= Task to complete =
Below are records with pictures. Reproduce exactly the lines from the line with "Apple MacBook Air" to the line with "Digitaltechnik für die", inclusive, and leave each picture out.

= Records for the exercise =

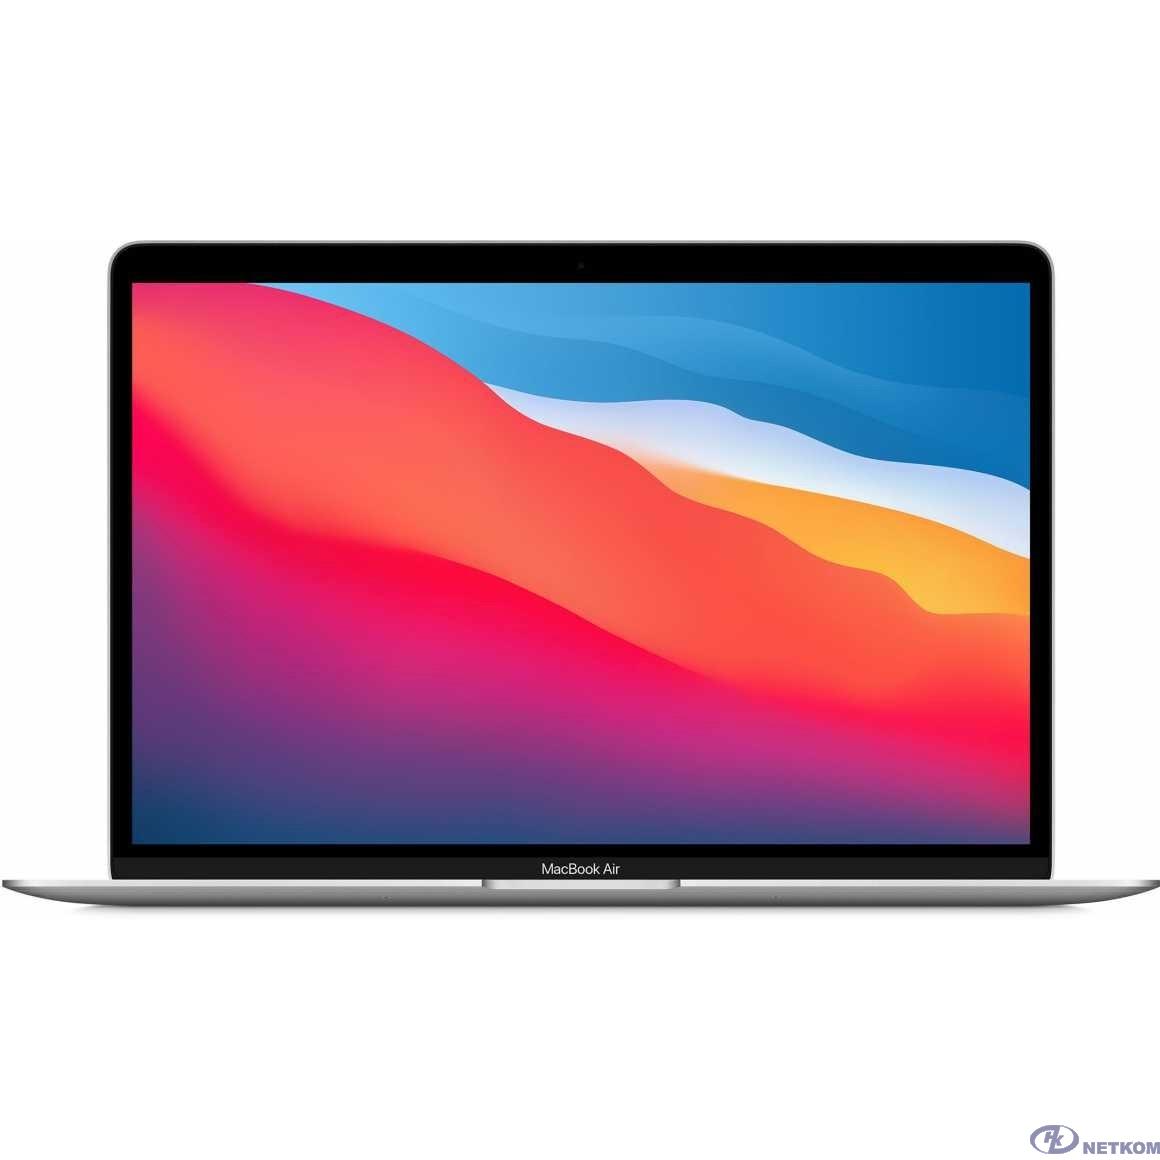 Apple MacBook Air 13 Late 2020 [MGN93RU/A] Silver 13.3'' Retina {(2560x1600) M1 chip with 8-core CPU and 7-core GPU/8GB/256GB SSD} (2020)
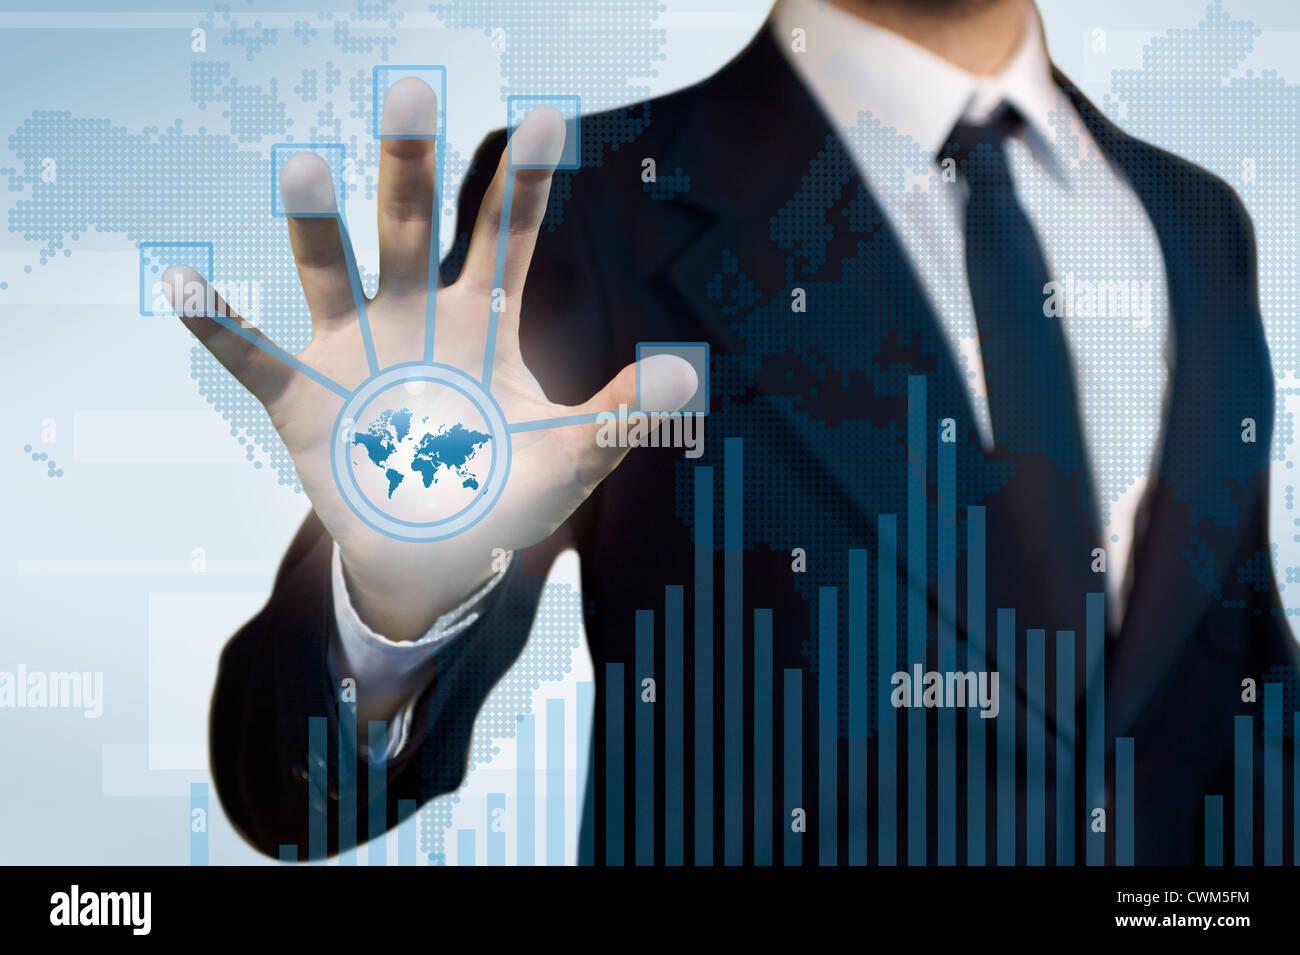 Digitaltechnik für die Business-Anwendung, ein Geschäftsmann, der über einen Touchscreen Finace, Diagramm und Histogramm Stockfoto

* * *

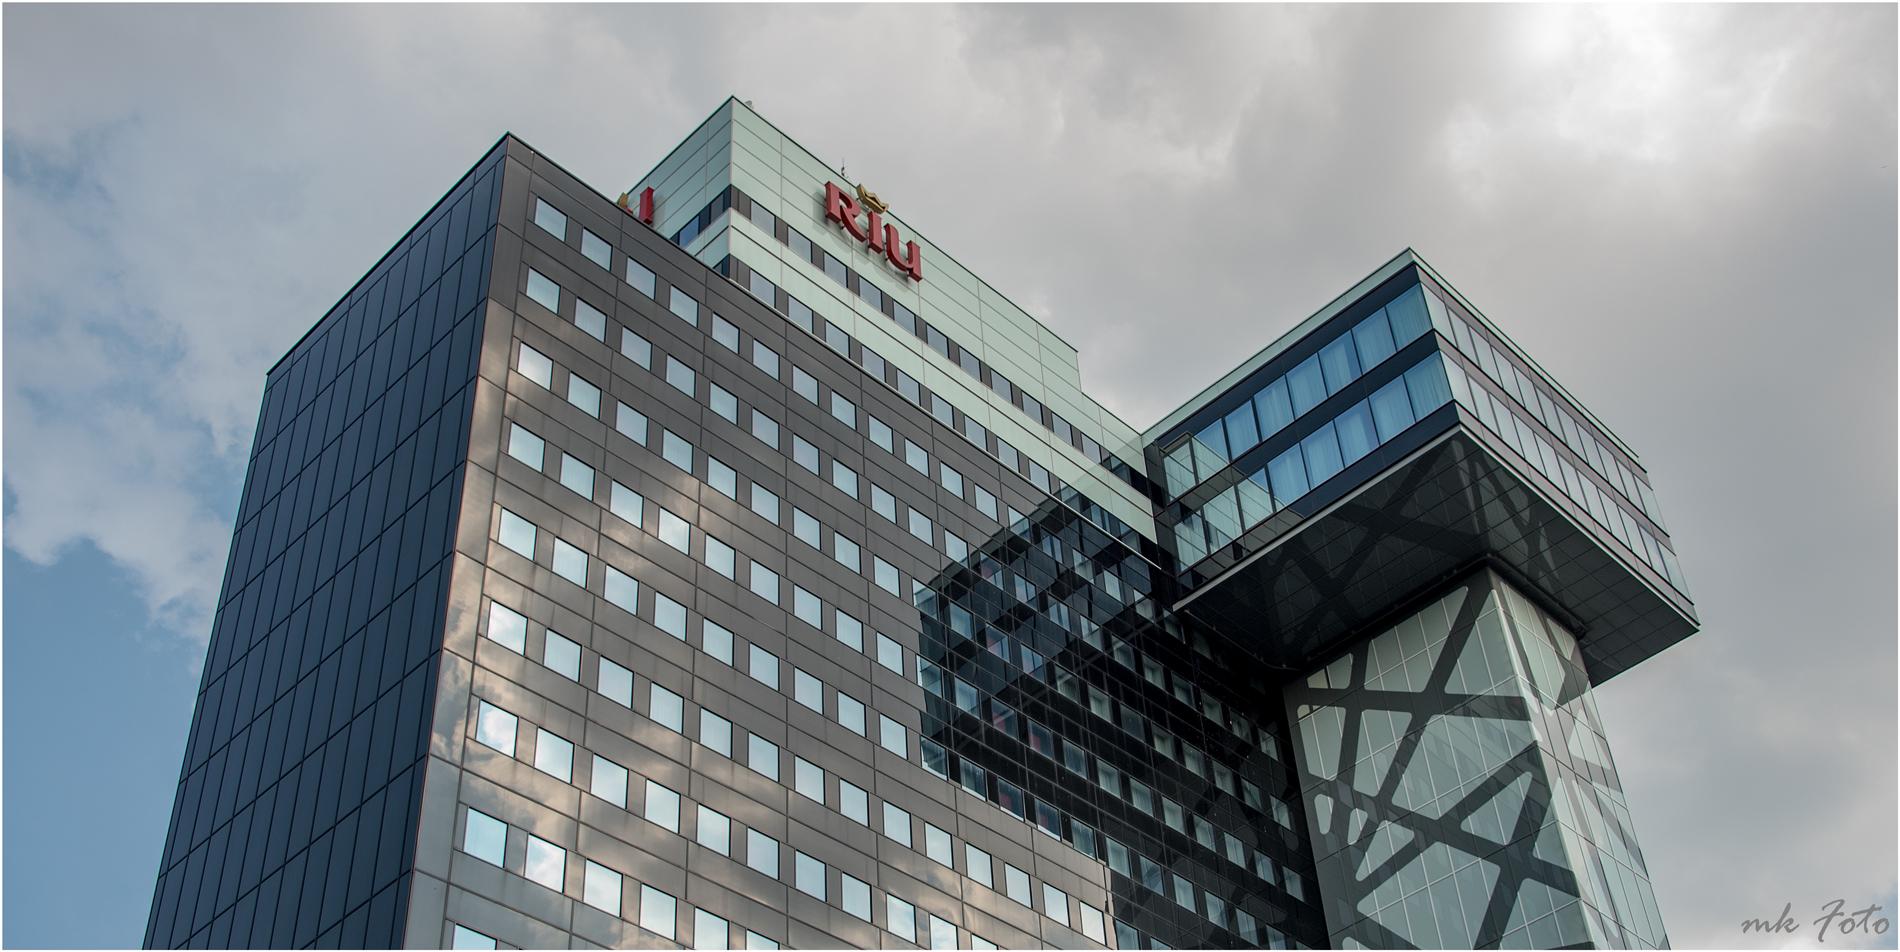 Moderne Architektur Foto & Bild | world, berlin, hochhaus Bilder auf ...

--

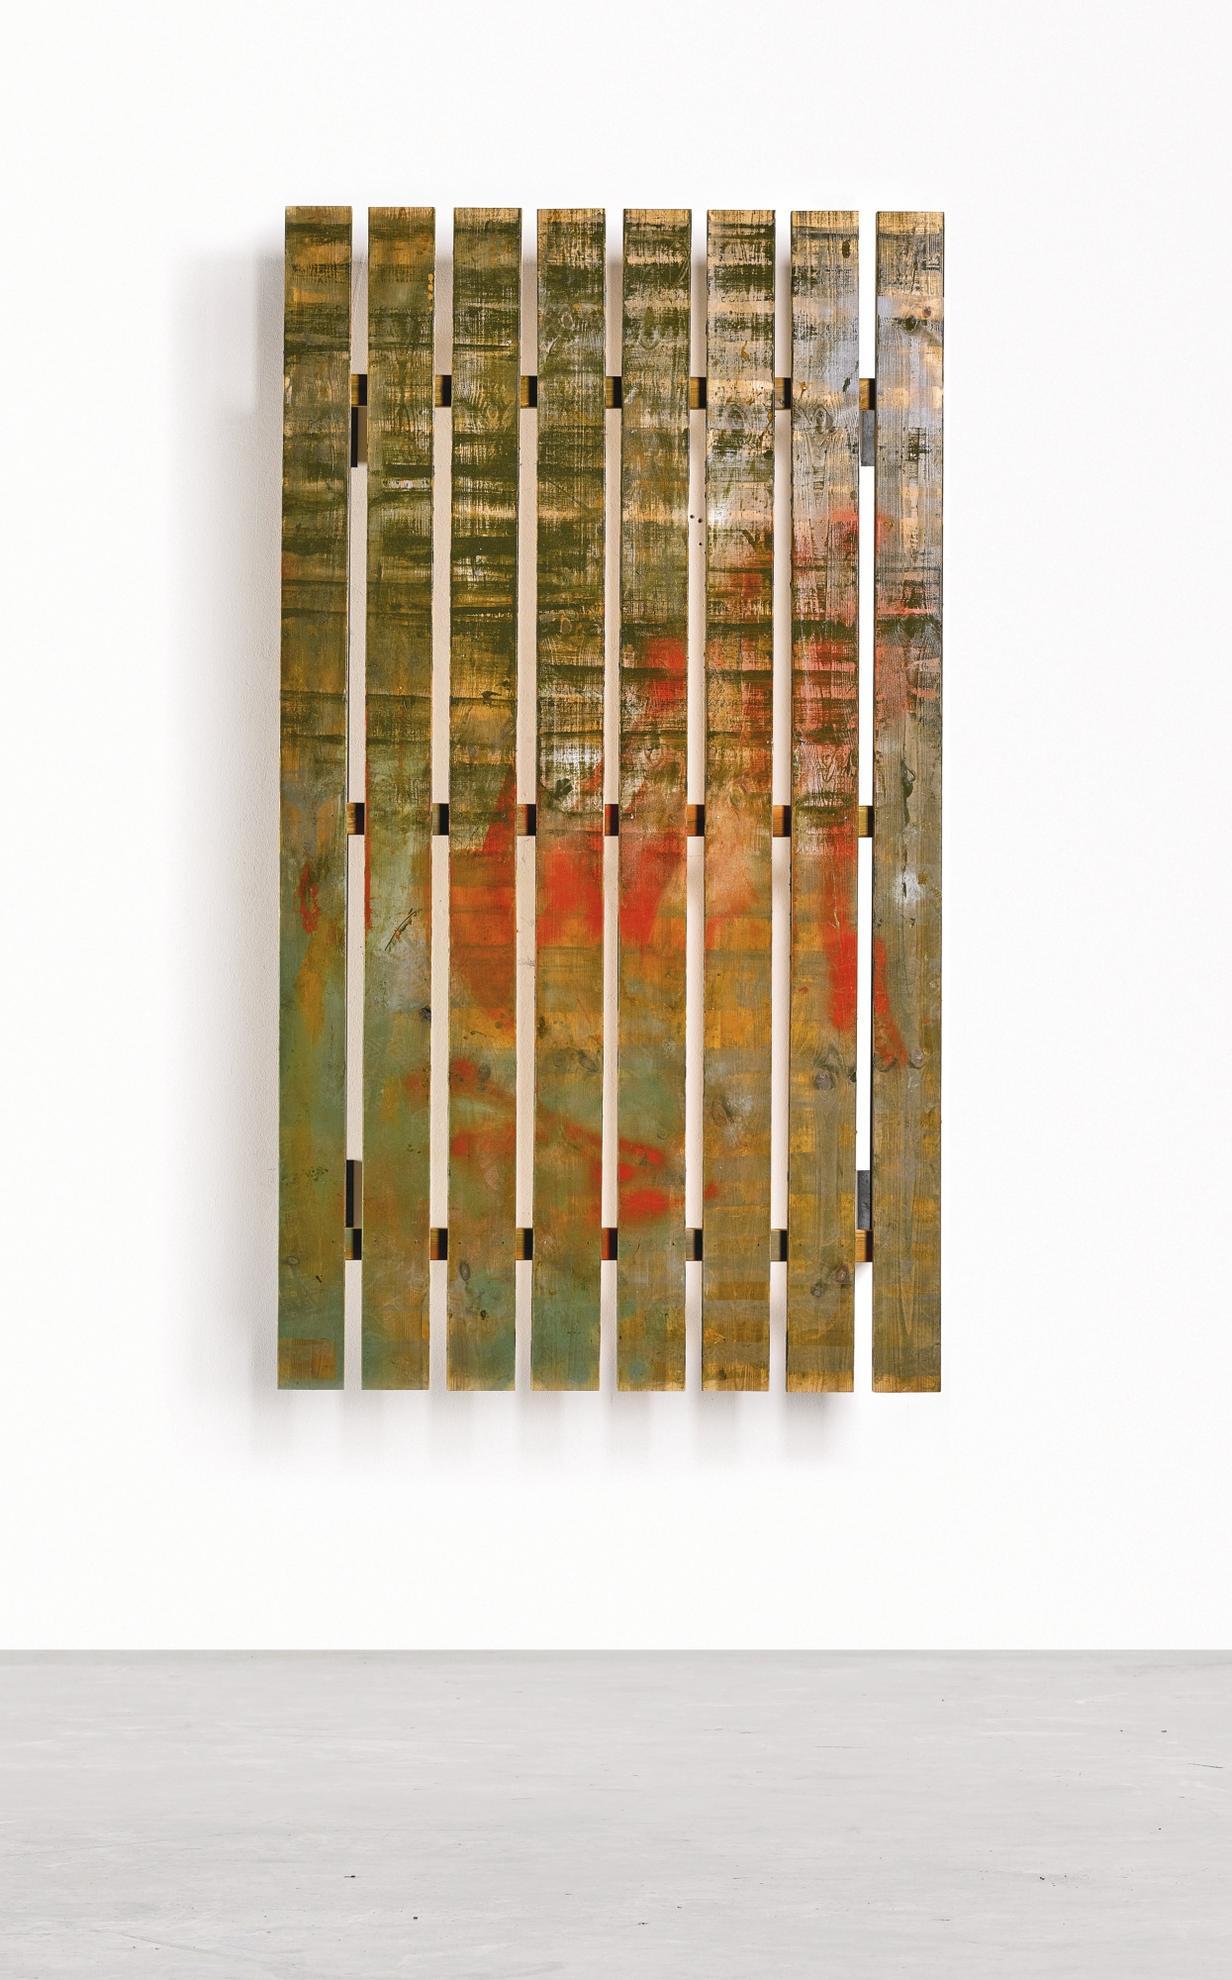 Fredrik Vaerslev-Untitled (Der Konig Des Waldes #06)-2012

= Response box =
 Apple MacBook Air 13 Late 2020 [MGN93RU/A] Silver 13.3'' Retina {(2560x1600) M1 chip with 8-core CPU and 7-core GPU/8GB/256GB SSD} (2020)
 Digitaltechnik für die Business-Anwendung, ein Geschäftsmann, der über einen Touchscreen Finace, Diagramm und Histogramm Stockfoto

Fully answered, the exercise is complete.